Task goal >>
Each line below needs to be restated word for word.

Supplied material >>
__________________________________________________

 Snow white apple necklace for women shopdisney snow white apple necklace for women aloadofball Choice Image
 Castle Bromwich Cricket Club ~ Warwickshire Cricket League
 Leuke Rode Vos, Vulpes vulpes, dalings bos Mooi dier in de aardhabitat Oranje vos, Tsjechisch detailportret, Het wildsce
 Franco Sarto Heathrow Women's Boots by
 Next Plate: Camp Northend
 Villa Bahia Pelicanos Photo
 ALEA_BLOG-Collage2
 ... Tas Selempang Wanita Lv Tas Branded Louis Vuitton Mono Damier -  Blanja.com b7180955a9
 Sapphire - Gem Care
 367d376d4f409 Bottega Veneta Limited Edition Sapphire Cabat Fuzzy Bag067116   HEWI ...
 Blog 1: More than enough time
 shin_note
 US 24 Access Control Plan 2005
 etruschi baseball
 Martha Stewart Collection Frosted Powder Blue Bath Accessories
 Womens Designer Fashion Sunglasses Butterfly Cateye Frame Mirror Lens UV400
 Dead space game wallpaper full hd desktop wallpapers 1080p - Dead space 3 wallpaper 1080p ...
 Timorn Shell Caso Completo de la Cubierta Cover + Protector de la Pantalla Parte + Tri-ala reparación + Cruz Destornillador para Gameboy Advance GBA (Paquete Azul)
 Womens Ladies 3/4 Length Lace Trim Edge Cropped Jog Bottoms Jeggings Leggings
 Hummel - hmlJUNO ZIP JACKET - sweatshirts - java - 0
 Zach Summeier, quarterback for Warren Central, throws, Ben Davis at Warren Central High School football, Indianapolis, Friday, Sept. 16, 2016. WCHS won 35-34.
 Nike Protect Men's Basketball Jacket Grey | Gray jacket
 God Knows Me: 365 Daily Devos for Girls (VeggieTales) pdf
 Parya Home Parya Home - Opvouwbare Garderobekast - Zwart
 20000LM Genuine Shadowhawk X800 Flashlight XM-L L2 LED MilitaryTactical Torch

__________________________________________________

Exercise solution >>
 Snow white apple necklace for women shopdisney snow white apple necklace for women aloadofball Choice Image
 Castle Bromwich Cricket Club ~ Warwickshire Cricket League
 Leuke Rode Vos, Vulpes vulpes, dalings bos Mooi dier in de aardhabitat Oranje vos, Tsjechisch detailportret, Het wildsce
 Franco Sarto Heathrow Women's Boots by
 Next Plate: Camp Northend
 Villa Bahia Pelicanos Photo
 ALEA_BLOG-Collage2
 ... Tas Selempang Wanita Lv Tas Branded Louis Vuitton Mono Damier -  Blanja.com b7180955a9
 Sapphire - Gem Care
 367d376d4f409 Bottega Veneta Limited Edition Sapphire Cabat Fuzzy Bag067116   HEWI ...
 Blog 1: More than enough time
 shin_note
 US 24 Access Control Plan 2005
 etruschi baseball
 Martha Stewart Collection Frosted Powder Blue Bath Accessories
 Womens Designer Fashion Sunglasses Butterfly Cateye Frame Mirror Lens UV400
 Dead space game wallpaper full hd desktop wallpapers 1080p - Dead space 3 wallpaper 1080p ...
 Timorn Shell Caso Completo de la Cubierta Cover + Protector de la Pantalla Parte + Tri-ala reparación + Cruz Destornillador para Gameboy Advance GBA (Paquete Azul)
 Womens Ladies 3/4 Length Lace Trim Edge Cropped Jog Bottoms Jeggings Leggings
 Hummel - hmlJUNO ZIP JACKET - sweatshirts - java - 0
 Zach Summeier, quarterback for Warren Central, throws, Ben Davis at Warren Central High School football, Indianapolis, Friday, Sept. 16, 2016. WCHS won 35-34.
 Nike Protect Men's Basketball Jacket Grey | Gray jacket
 God Knows Me: 365 Daily Devos for Girls (VeggieTales) pdf
 Parya Home Parya Home - Opvouwbare Garderobekast - Zwart
 20000LM Genuine Shadowhawk X800 Flashlight XM-L L2 LED MilitaryTactical Torch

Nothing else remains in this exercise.